How do I calculate the area of just the section?

Thanks

Answer 1

Those two tangent lines meet at $\left(-\frac32,3\right)$. So, in order to determine the area bounded by the graph and the two tangent lines. The tangent line corresponding to $x_1$ is $y=-2x$, whereas the tangent line corresponding to $x_2$ is $y=4x+9$.
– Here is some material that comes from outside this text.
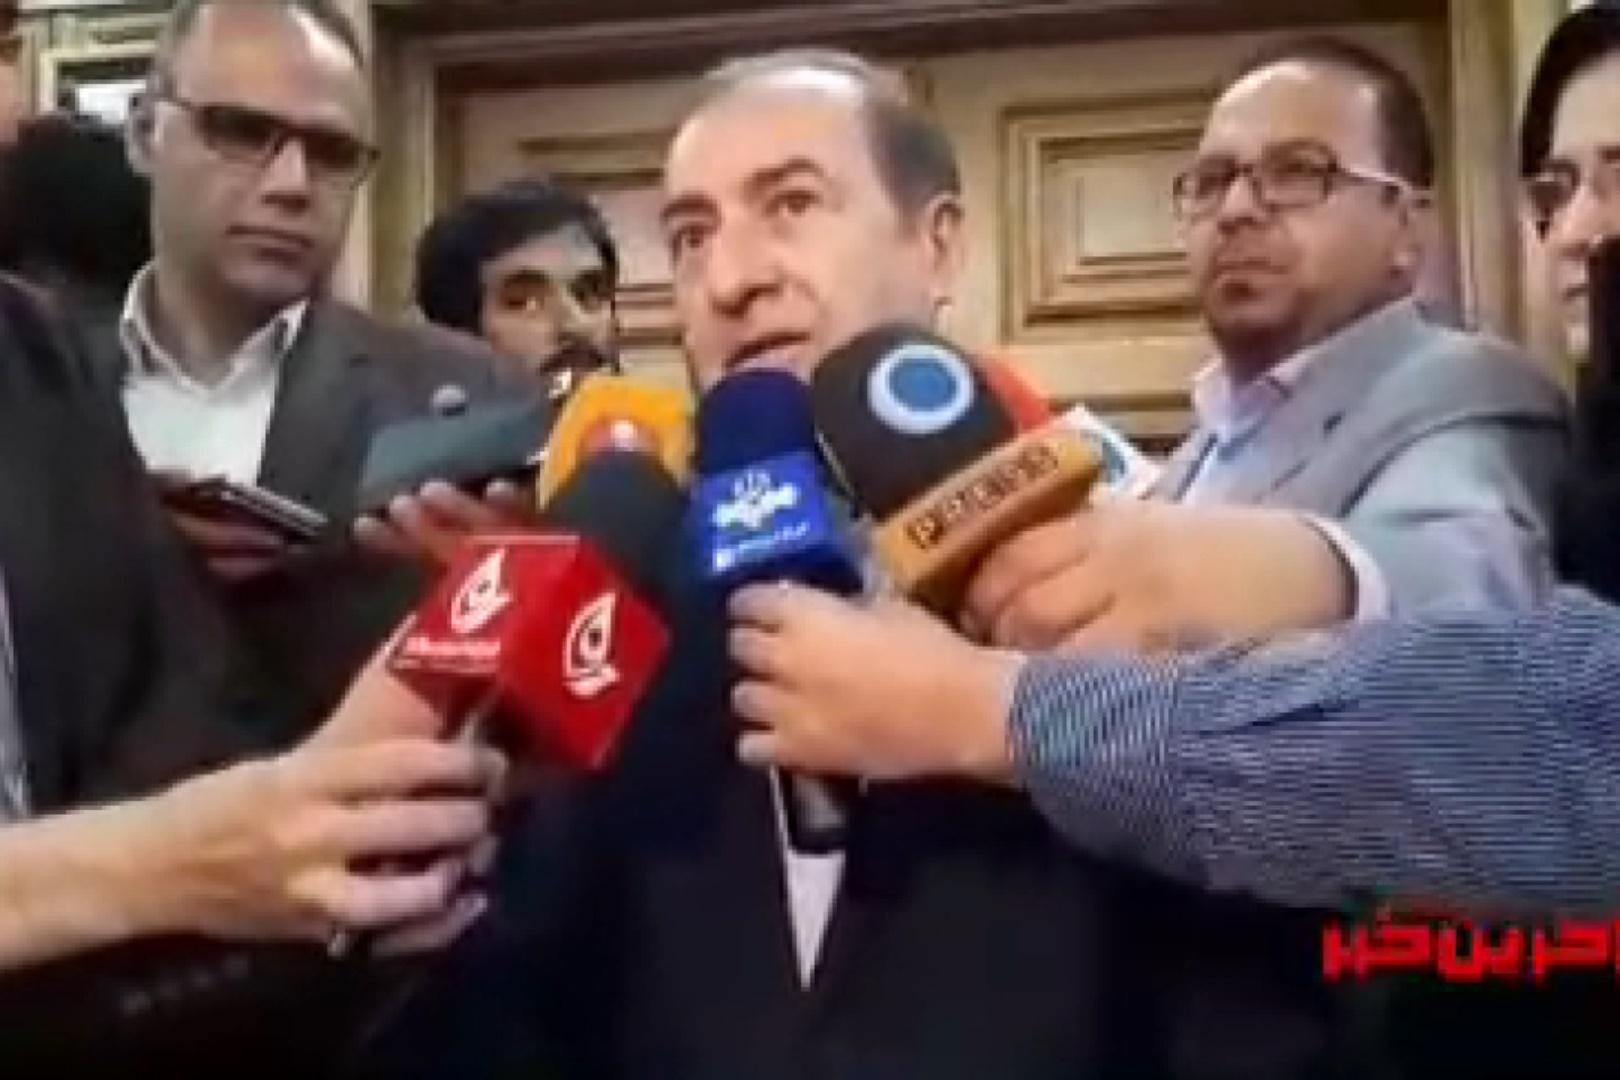 فیلم | توضیحات الویری درباره انتخاب شهردار تهران

So, all you have to do is to compute$$\int_{-3}^{-3/2}\overbrace{x^2+4x+9-(-2x)}^{\phantom{(x+3)^2}=(x+3)^2}\,\mathrm dx+\int_{-3/2}^0\overbrace{x^2+4x+9-(4x+9)}^{\phantom{x^2}=x^2}\,\mathrm dx.$$Each integral is equal to $\frac98$, and therefore your area is equal to $\frac94$.

Answer 2

Now, calculate $$2\int\limits_{-\frac{3}{2}}^{0}(x^2+4x+9-(4x+9))dx.$$

Answer 3

For calculation of area shift your x axis at y=3 Hence area will be area enclosed between parabola and , x=-3,x=0 and y=3 . From this substract area between tangents and y=3. Hence Required area is $$\int_{-3}^{0} (x^2+4x+6)dx -\frac{27}{4}$$ $$=33-\frac{27}{4}=\frac{105}{4}$$

Answer 4

There are many ways to find the area $[AED]$ in question, for example, we can use a bit of geometry:

\begin{align} [AED]&=[ABCD]-[ABC]-[DEC] . \end{align}

The equations of the tangent lines are \begin{align} f_1(x)&=f'(x_1)(x-x_1)+f(x_1) ,\\ f_2(x)&=f'(x_2)(x-x_2)+f(x_2) . \end{align}

So, given that

\begin{align} f'(x)&=2\,x+4 , \end{align}

we have

\begin{align} f_1(x)&=-2 x ,\\ f_2(x)&=4\,x + 9 , \end{align}

and we can find the coordinates of the corresponding points \begin{align} A&=(-3,6) ,\quad B=(-3,0) ,\quad C=(0,0) ,\quad D=(0,9) ,\quad E=(-\tfrac32,3) . \end{align}

Then corresponding areas are

\begin{align} [AED]&= \int_{x_1}^{x2} f(x)\,dx = \int_{-3}^{0} x^2+4\,x+9 \,dx =\left. \tfrac13\,x^3+2\,x^2+9\,x\right|_{x=-3}^{x=0} =18 ,\\ [ABC]&=\tfrac12\,|BC|\cdot|AC| =\tfrac12\cdot 3\cdot 6 =9 ,\\ [DEC]&= \tfrac12\,|CD|\cdot|E_x|= \tfrac12\,9\cdot\tfrac32= \tfrac{27}4 ,\\ [AED]&=18-9-\tfrac{27}4 =\tfrac94 . \end{align}